Department of Epidemiology, German Institute of Human Nutrition Potsdam-Rehbruecke, Nuthetal, Germany.
PLoS One. 2013 Jul 12;8(7):e68941. doi: 10.1371/journal.pone.0068941. Print 2013.
Obesity has become a leading preventable cause of morbidity and mortality in many parts of the world. It is thought to originate from multiple genetic and environmental determinants. The aim of the current study was to introduce haplotype-based multi-locus stepwise regression (MSR) as a method to investigate combinations of unlinked single nucleotide polymorphisms (SNPs) for obesity phenotypes.
In 2,122 healthy randomly selected men and women of the EPIC-Potsdam cohort, the association between 41 SNPs from 18 obesity-candidate genes and either body mass index (BMI, mean=25.9 kg/m(2), SD=4.1) or waist circumference (WC, mean=85.2 cm, SD=12.6) was assessed. Single SNP analyses were done by using linear regression adjusted for age, sex, and other covariates. Subsequently, MSR was applied to search for the 'best' SNP combinations. Combinations were selected according to specific AICc and p-value criteria. Model uncertainty was accounted for by a permutation test.
The strongest single SNP effects on BMI were found for TBC1D1 rs637797 (β = -0.33, SE=0.13), FTO rs9939609 (β=0.28, SE=0.13), MC4R rs17700144 (β=0.41, SE=0.15), and MC4R rs10871777 (β=0.34, SE=0.14). All these SNPs showed similar effects on waist circumference. The two 'best' six-SNP combinations for BMI (global p-value= 3.45⋅10(-6) and 6.82⋅10(-6)) showed effects ranging from -1.70 (SE=0.34) to 0.74 kg/m(2) (SE=0.21) per allele combination. We selected two six-SNP combinations on waist circumference (global p-value = 7.80⋅10(-6) and 9.76⋅10(-6)) with an allele combination effect of -2.96 cm (SE=0.76) at maximum. Additional adjustment for BMI revealed 15 three-SNP combinations (global p-values ranged from 3.09⋅10(-4) to 1.02⋅10(-2)). However, after carrying out the permutation test all SNP combinations lost significance indicating that the statistical associations might have occurred by chance.
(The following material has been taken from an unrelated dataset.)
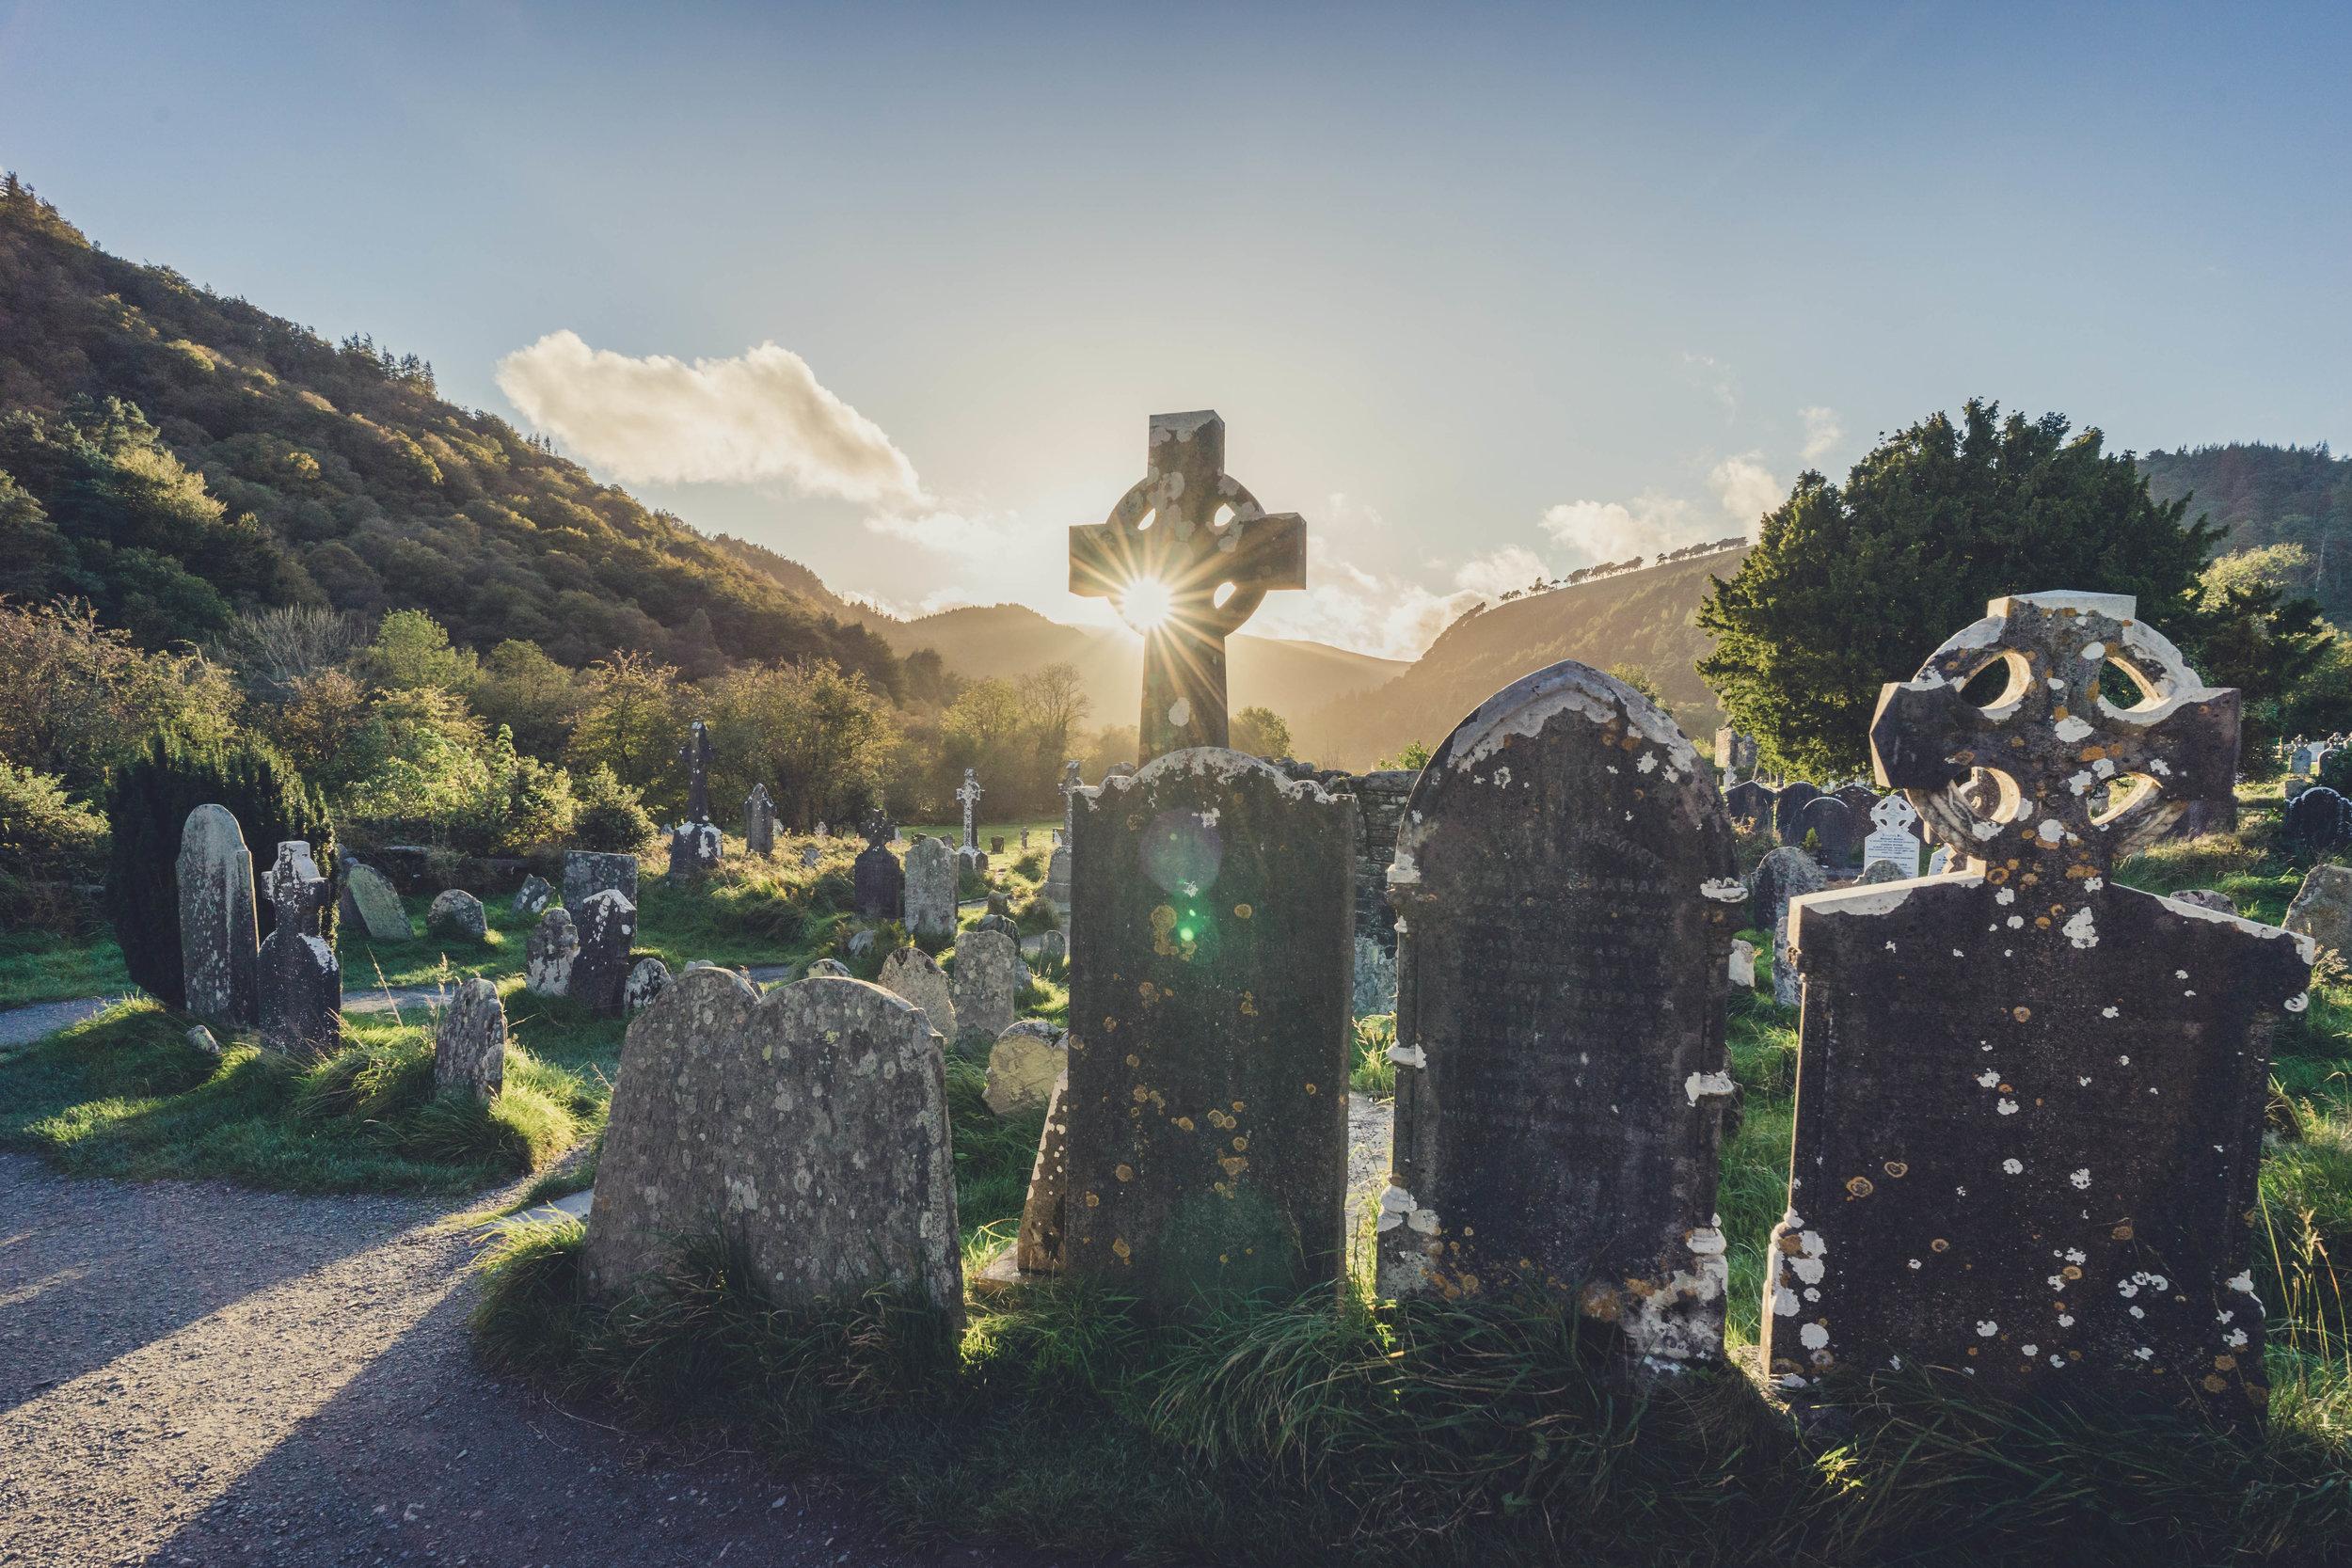 glendalough. irish history. county wicklow. round tower. hill walknig. hiking. grave yard. wildlife. tombstones. lakes. blue sky. sunlight peering through.jpg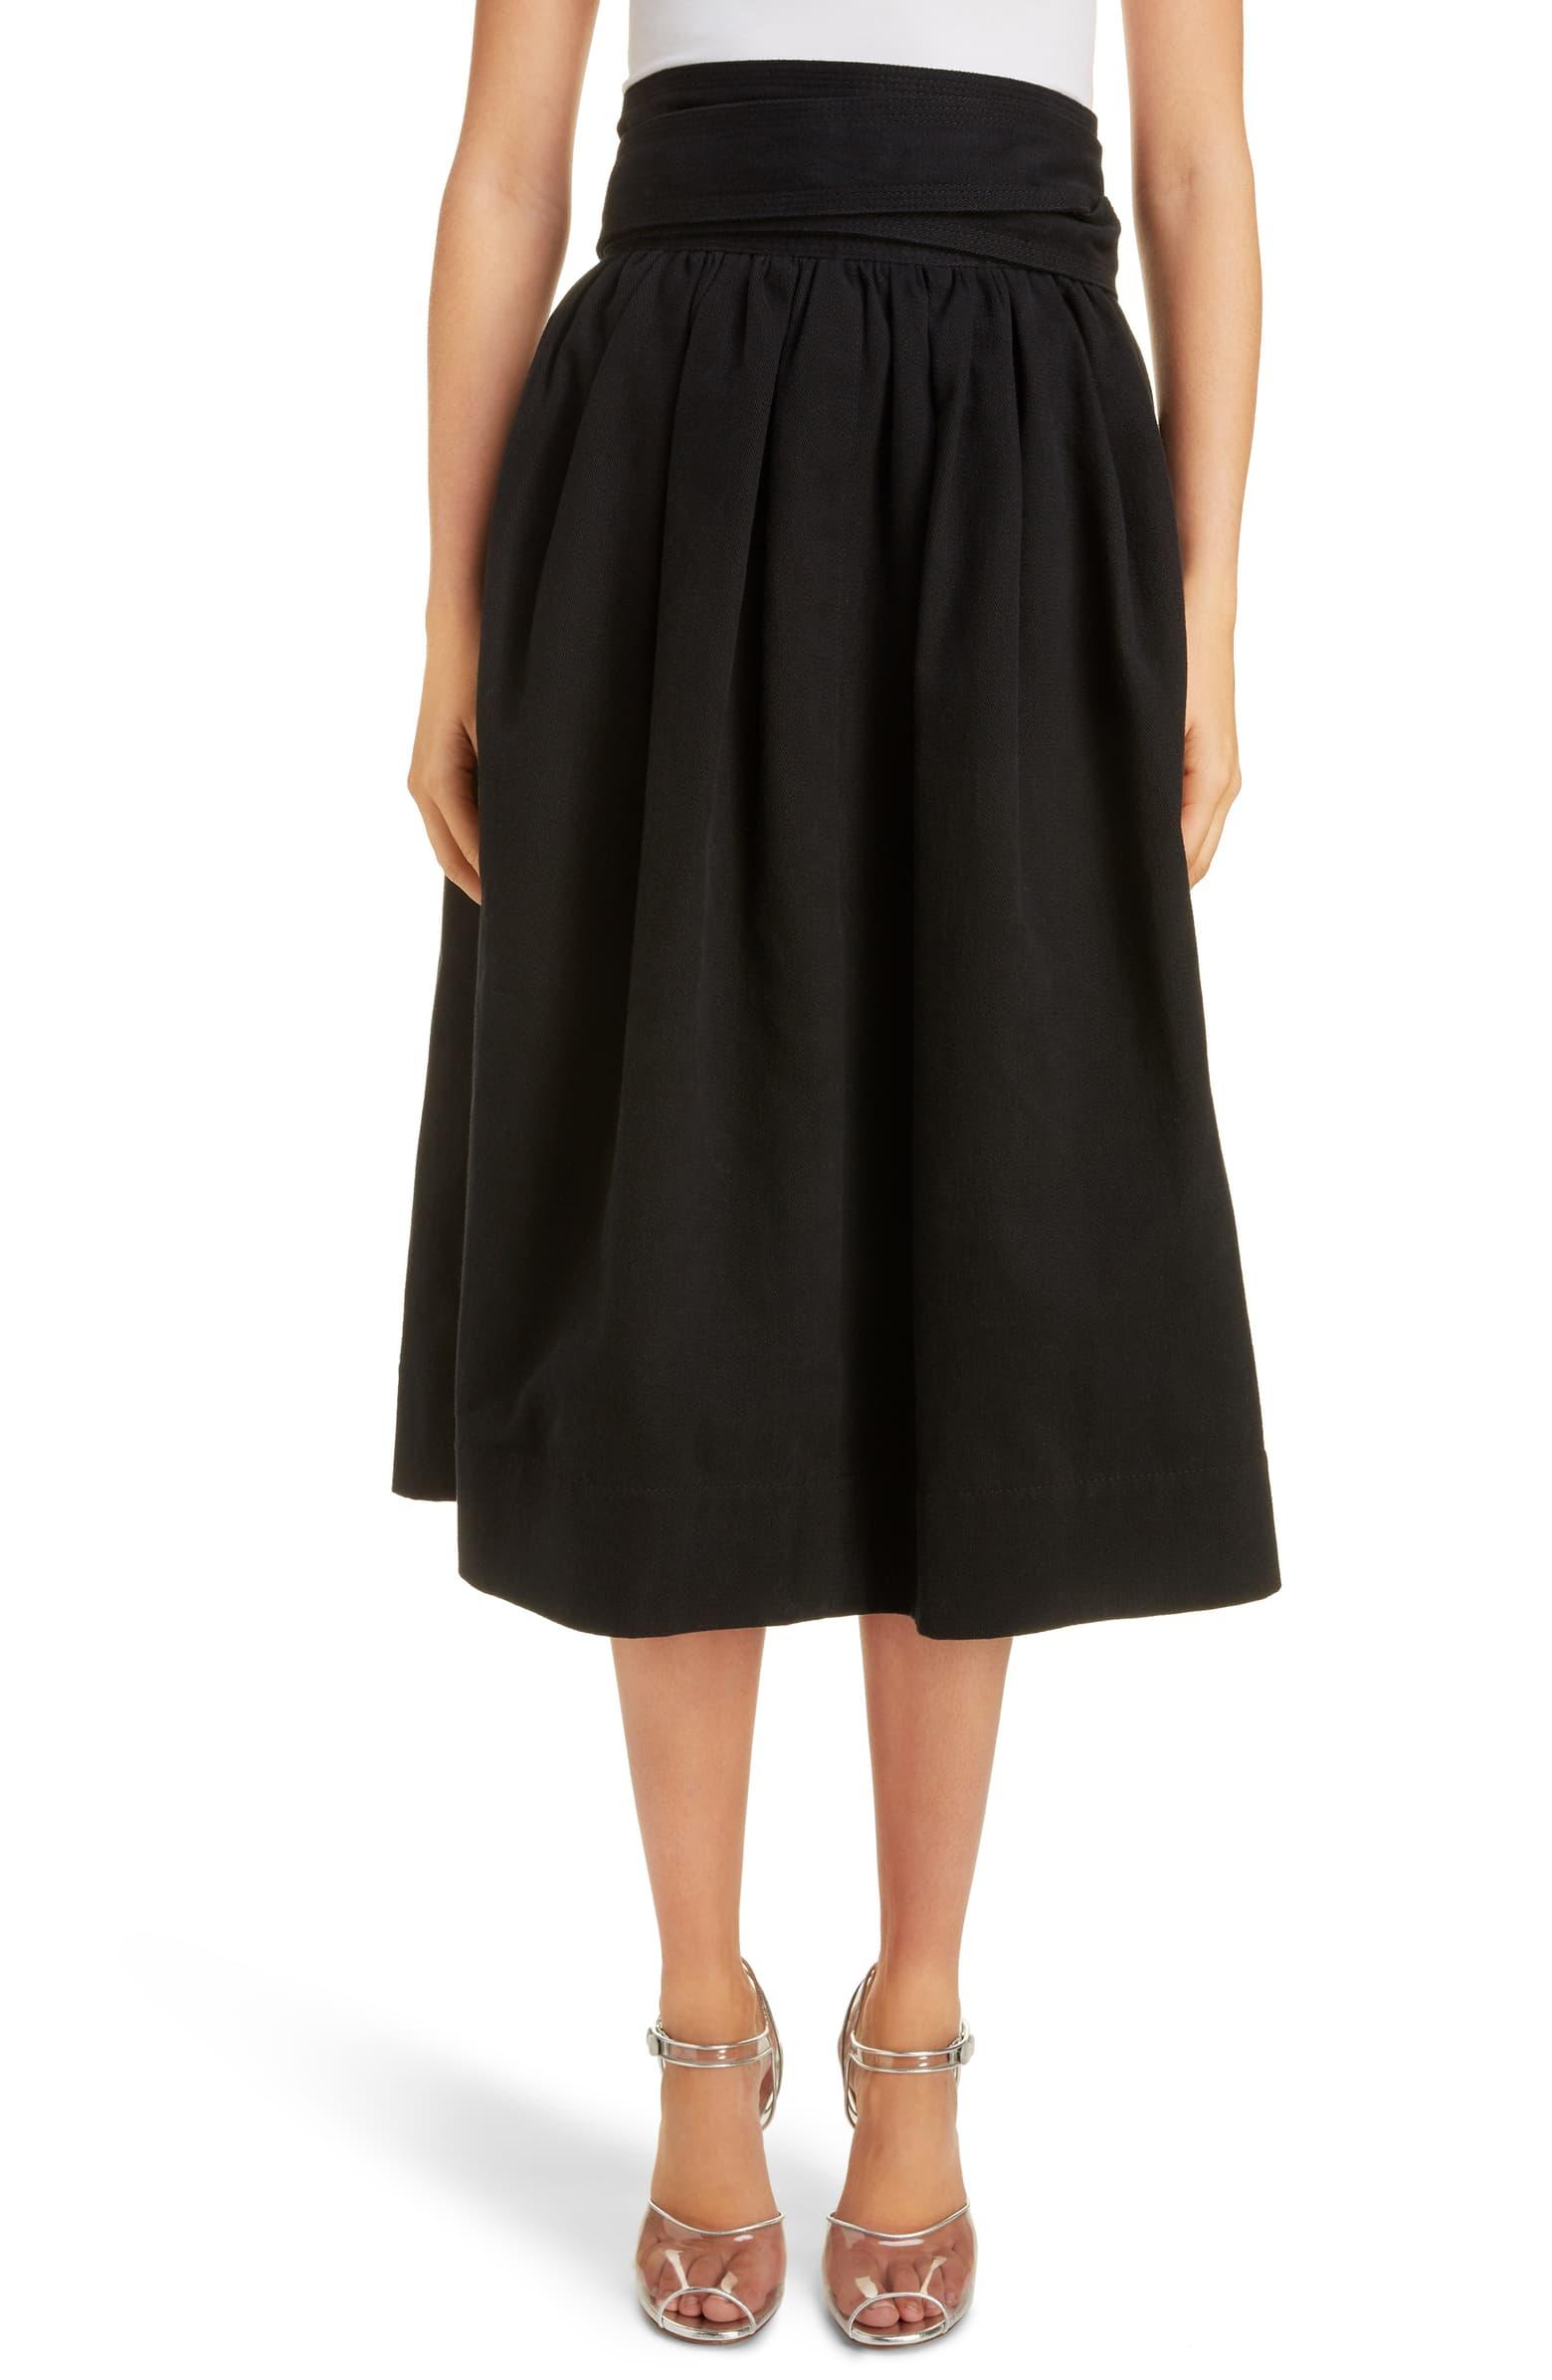 high-waisted-skirts-denim-skirt-nordstrom.jpeg

MSR provides a tool to search for risk-related SNP combinations of common traits or diseases. However, the search process does not always find meaningful SNP combinations in a dataset.
肥胖已成为世界许多地区发病率和死亡率的主要可预防原因。据认为,肥胖源于多种遗传和环境决定因素。本研究的目的是介绍基于单体型的多基因逐步回归(MSR)方法,以研究无连锁单核苷酸多态性(SNP)组合与肥胖表型的关系。
在 EPIC-Potsdam 队列中,对 2122 名健康的随机选择的男性和女性,分析了 18 个肥胖候选基因中的 41 个 SNP 与体重指数(BMI,均值=25.9kg/m2,标准差=4.1)或腰围(WC,均值=85.2cm,标准差=12.6)之间的关联。通过线性回归,对年龄、性别和其他协变量进行调整,对单个 SNP 进行分析。然后,应用 MSR 搜索最佳 SNP 组合。根据特定的 AICc 和 p 值标准选择组合。通过置换检验考虑模型不确定性。
在 BMI 方面,TBC1D1 rs637797(β=-0.33,SE=0.13)、FTO rs9939609(β=0.28,SE=0.13)、MC4R rs17700144(β=0.41,SE=0.15)和 MC4R rs10871777(β=-0.34,SE=0.14)对 BMI 的单 SNP 影响最大。这些 SNP 在腰围方面也表现出类似的作用。BMI 的两个“最佳”六 SNP 组合(全局 p 值=3.45×10(-6)和 6.82×10(-6)),每个 SNP 组合的效应范围为-1.70(SE=0.34)至 0.74kg/m2(SE=0.21)。我们选择了两个六 SNP 组合,在腰围方面的全局 p 值分别为 7.80×10(-6)和 9.76×10(-6),最大的 SNP 组合效应为-2.96cm(SE=0.76)。对 BMI 进行额外调整后,发现了 15 个三 SNP 组合(全局 p 值范围为 3.09×10(-4)至 1.02×10(-2))。然而,进行置换检验后,所有 SNP 组合都失去了意义,这表明这些统计关联可能是偶然发生的。
MSR 提供了一种用于搜索常见特征或疾病相关 SNP 组合的工具。然而,在数据集搜索过程中,并不总能找到有意义的 SNP 组合。